I have a postgis table of points, that are sitting on road centerlines (I've linear referenced them). And the second table with road centerlines themselves. The point table also has a field roadid and a field "offst", that represents the offset in meters (negative values = offest to the left, positive = offset to the right side of the road). The question is how can I calculate a point geometry, that is offsetted perpendicular to road direction, according to the value of the "offst" field?
Answer
In mathematical terms would need to calculate the normal of the road section and unit vector of that normal. The first will find which direction you need to move to get your new point and the latter will help you find out how far to go in that direction (i.e. the translation).
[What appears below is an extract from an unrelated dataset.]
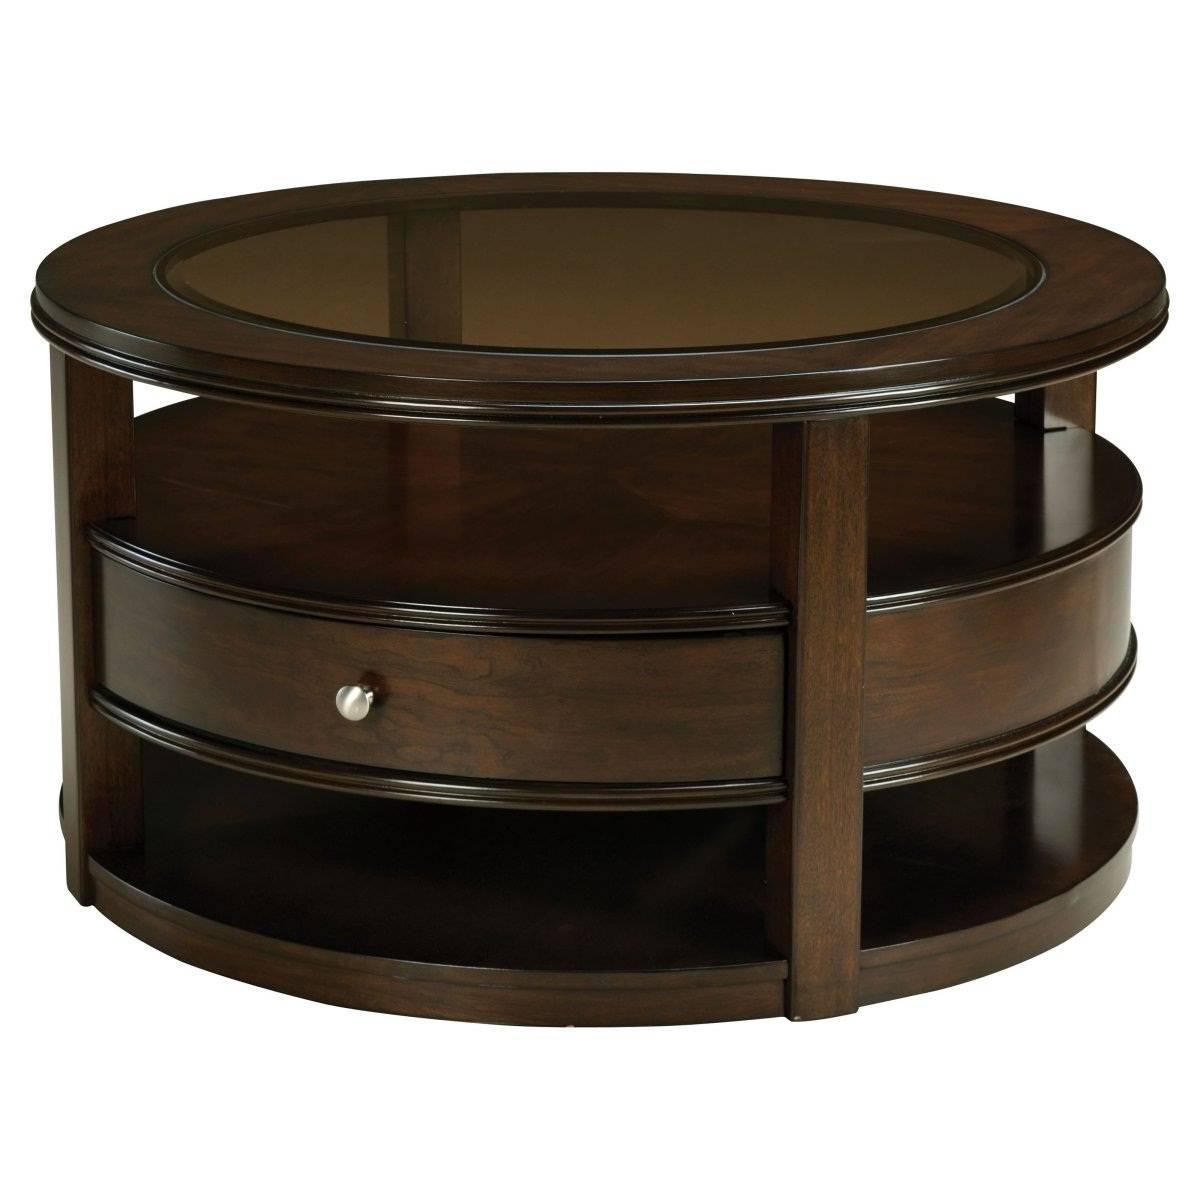 Round Dark Wood Coffee Table Starrkingschool - Jericho Mafjar Project with regard to Dark Wood Round Coffee Tables (Image 28 of 30)

I'm not completely clear on your schema, so difficult to give an sql example, but here's the theory: Points p1 and p2 are the start and end points of your road section, point p3 is "centerline" on that road section and d is your offset distance. The normal to your road section, where dx = p2(x) - p1(x) and dy = p2(y) - p1(y), is the vector (-dy,dx),(dy,-dx). To make this a unit vector you should normalise it by dividing each component by it's length, where length = sqrt((dx * dx) + (dy * dy)). So the unit vector would be (-dy,dx)/length,(dy,-dx)/length. You can then add that unit vector, times by your chosen offset distance, d. So the offset point (to the right of your road) would be offset_point(x) = p3(x) - ( d * ((-dy,dx)/length) ) offset_point(y) = p3(y) - ( d * ((dy,-dx)/length) )
Exactly how this is best achieved in a postgis sql statement depends on how the geometries are stored.